В оконной раме все еще сохранилось битое стекло. Если они будут осторожны, то проблема оставалась только с нижней частью, которая была черной от дыма. Эмма, которая была одета для посещения матери, понесшей тяжелую утрату, вздрогнула – она была одета в одежду, пошитую, в основном, ее матерью, а после того как она здесь закончит, она будет выглядеть ужасно. А ей нравилась эта одежда.
Чейз вежливо посоветовал ей быть осторожнее с осколками.
Она вежливо ответила ему, что сама знает; она сказала бы больше, но здесь была Мария. Лицо Марии было похоже на осколки стекла, сохранившиеся в остатках рамы; о выражение ее лица можно было порезаться, если не быть осторожным.
Эмма была достаточно осторожна, чтобы прикрывать лицо тканью и немного глаза, а затем она перестала беспокоиться о Марии. В комнате не было огня, но дым поднимался по лестнице и через открытую дверь. Было очень трудно не зацепиться за стекло в условиях плохой видимости, но она прошла по краю окна на носочках, прежде чем спрыгнуть вниз. Пол держался. Было жарко, но он держался.
Чейз сказал ей подождать Марию, но ей было трудно. Это было место, где Эндрю умер, и то, что убило его тогда, могло убить ее. Она опустилась на пол, и на сколько могла, прижалась к половицам, чтобы избежать дыма.
Мария влезла в следующее окно и проявила гораздо больше озабоченности, спускаясь с рамы. Чейз, пролезая через окно возле нее, сделал то же самое.
– Ты в порядке? – Спросил он. Эмма не была уверенна, кого он спрашивал; она четко не видела, куда он смотрел.
– Эмма? – Позвала Мария.
– Избегаю дыма, – огрызнулась она. – Поторопитесь, пожалуйста.

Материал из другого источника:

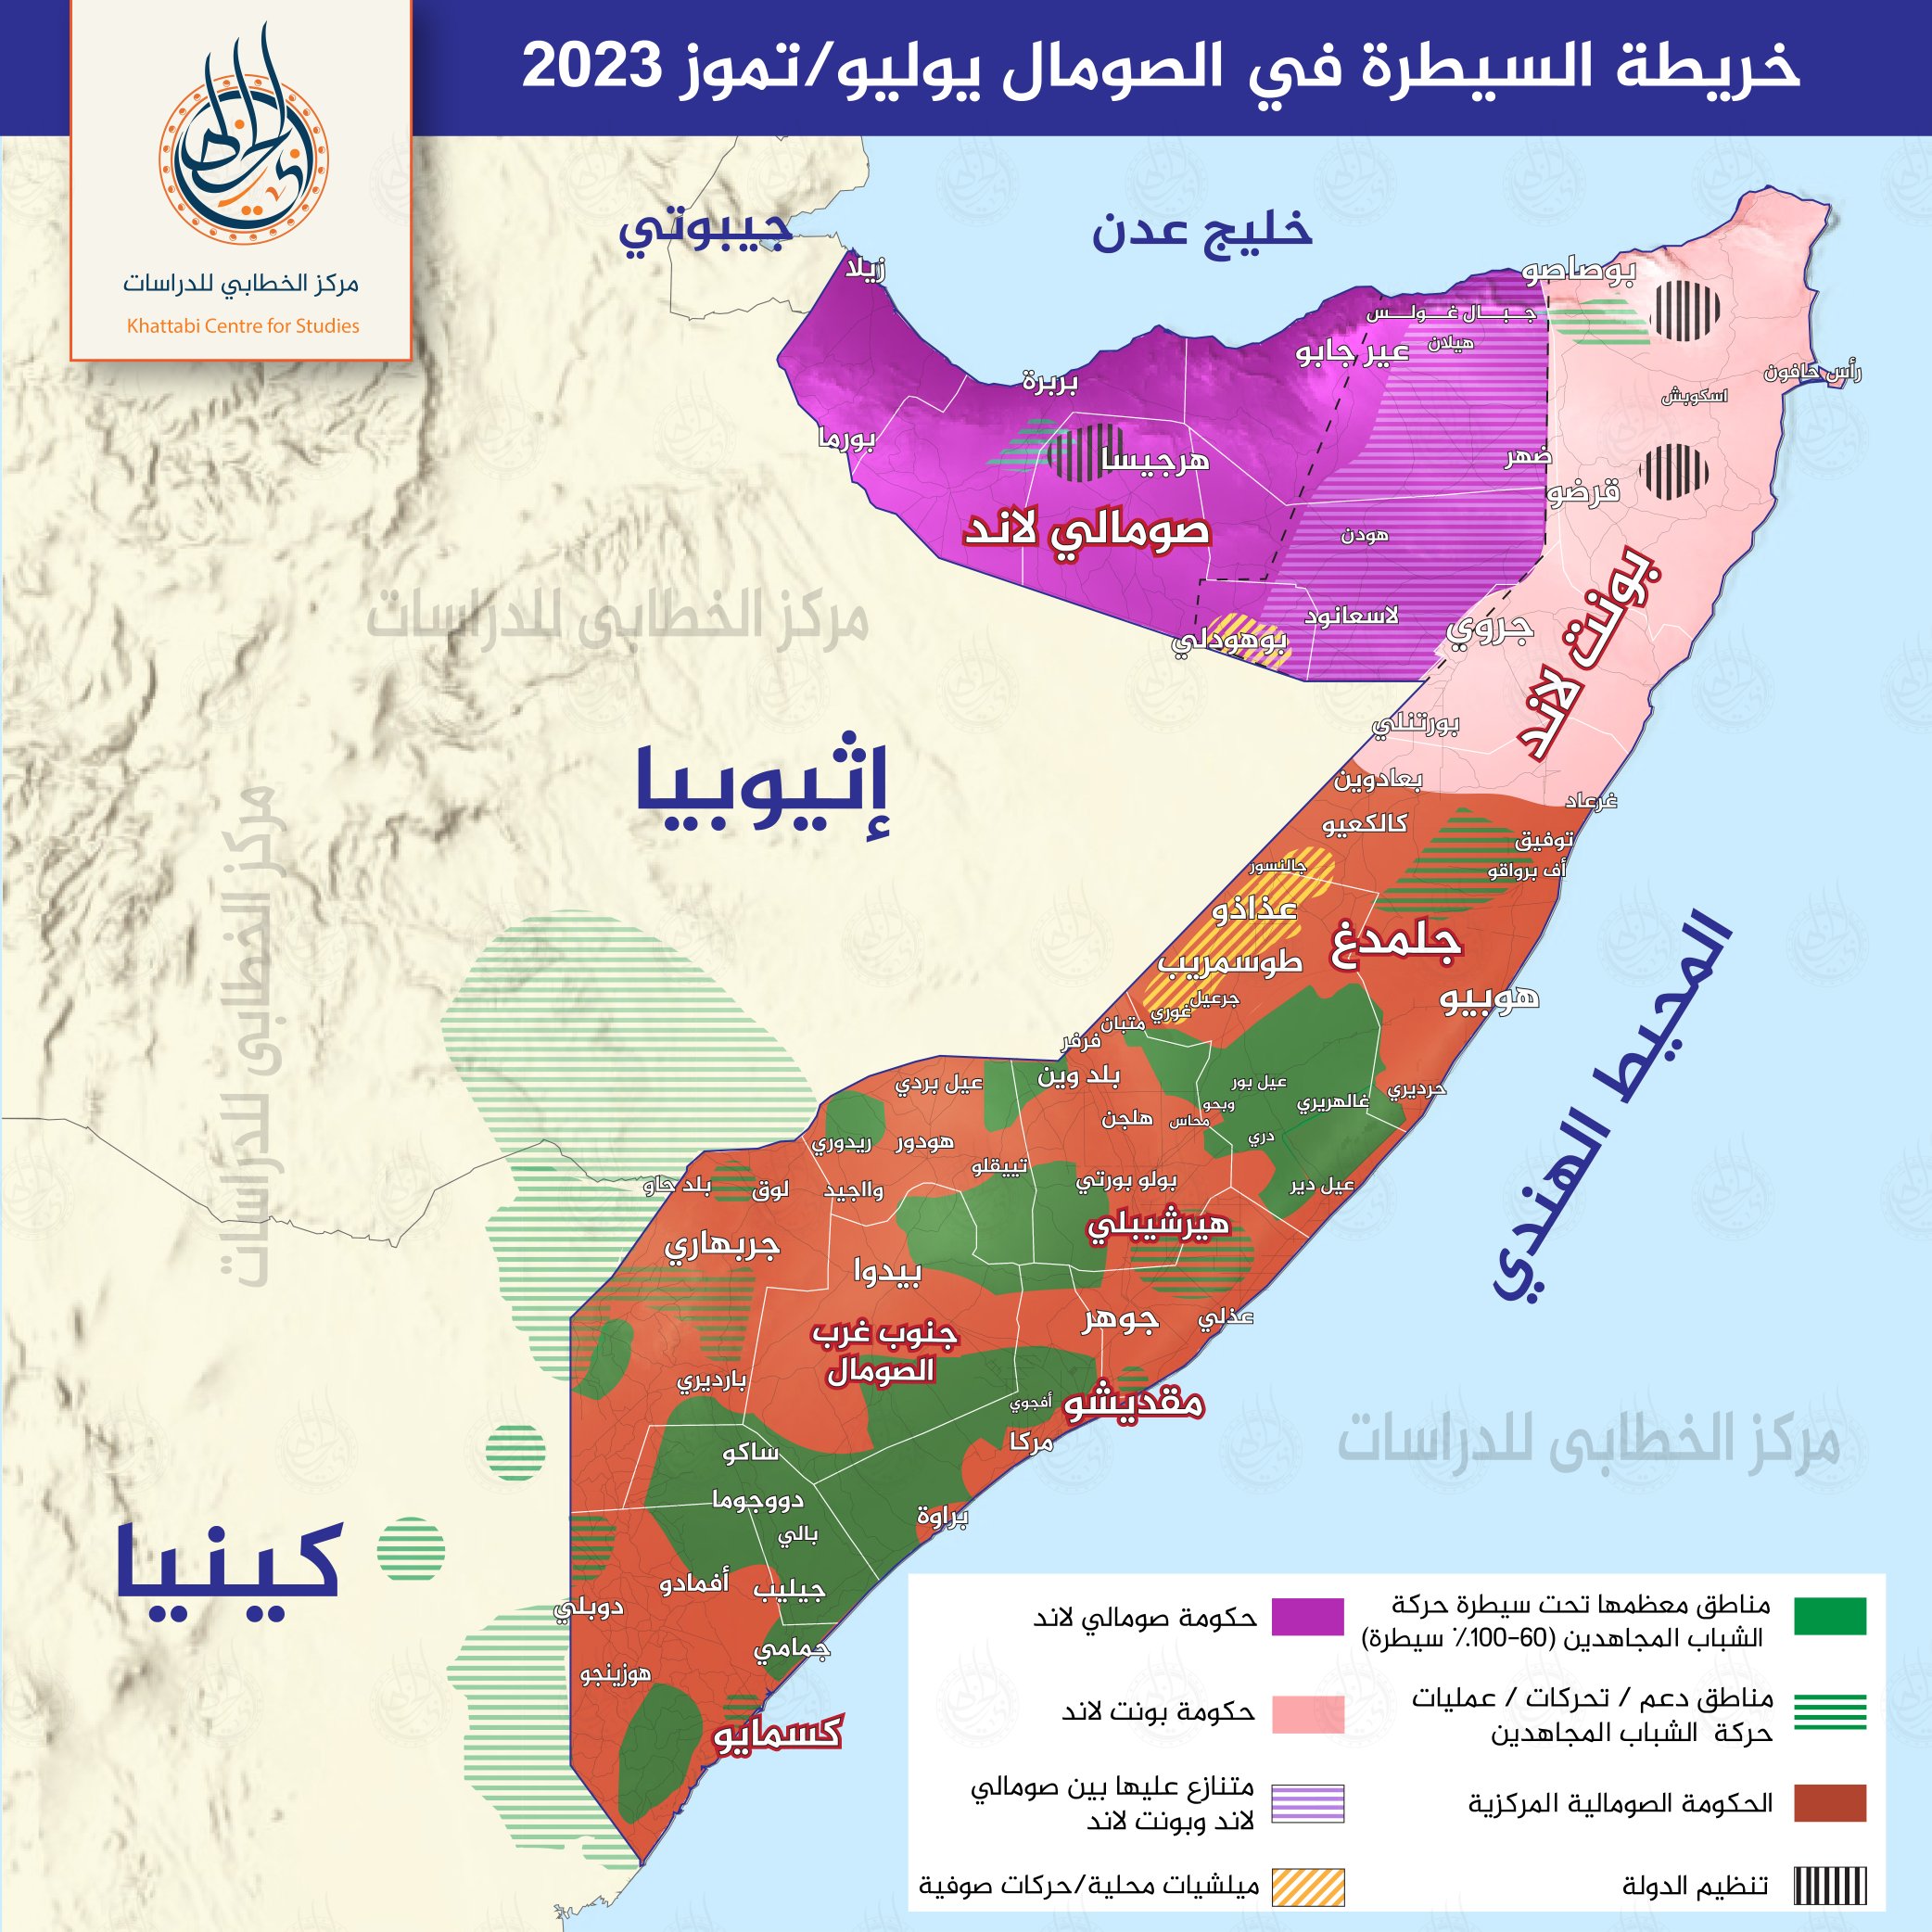 الخطابي للدراسات on X: "▪️#الصومال #خريطة #خريطة_الصومال خريطة السيطرة في  الصومال #حركة_الشباب_المجاهدين #الحكومة_الصومالية #مقديشو ▪️مركز الخطابي  للدراسات: https://t.co/uUWyRgj2ED" / X

Но это было не так-то легко. Мария осторожно ступала на доски, проверяя их крепость; она останавливалась, слушая Чейза, и следовала его указаниям. Он был не так осторожен, как она.
Эмма не могла видеть, на что наступает Мария; она видела только то, куда она ступала, и она задалась вопросом, насколько разное они видели. Стиснув зубы и стараясь быть как можно ближе к полу, она поползла за Марией Копис. Она ползла быстрее.
Каким-то чудом они добрались до двери холла, а затем и его самого.
Эмма не потрудилась встать на ноги, потому что дым здесь был слишком плотным. Вместо этого она поползла по полу, затаив дыхание; она с трудом смогла разглядеть нечеткое очертание двери холла; она не могла сказать в какой цвет она была покрашена. Сперва она решила, что плохая видимость объяснялась густым дымом, но затем она поняла, что в мире Эндрю была ночь. Пожар произошел ночью.
Дыша носом и держа рот плотно закрытым, она добралась до двери в спальню. Она не могла, да и не искала Марию; было слишком много дыма, и она была слишком напугана. Она никогда не была в пожаре, и если ей, не дай бог, пришлось пережить такое, она никогда не вернулась бы.
Дверь была немного приоткрыта и через треск огня, она впервые услышала Эндрю Кописа.
Он кричал.
Глава 13
Эмме пришлось бороться с желанием вскочить на ноги и вбежать в комнату; она подползла к двери и толкнула ее, приоткрыв достаточно, чтобы она смогла пройти в нее. Эндрю Копис стоял – на своей кровати – звал свою маму. Он кричал не от боли, но, в какой-то степени, это было хуже. Он был сильно напуган и его голос был хриплым и сорванным от ужаса.
Как бы долго она не жила – а она задумалась, как долго это будет – она будет помнить это крик; ощущение от него; он прошел прямо через нее, оставляя в ней какую-то частичку.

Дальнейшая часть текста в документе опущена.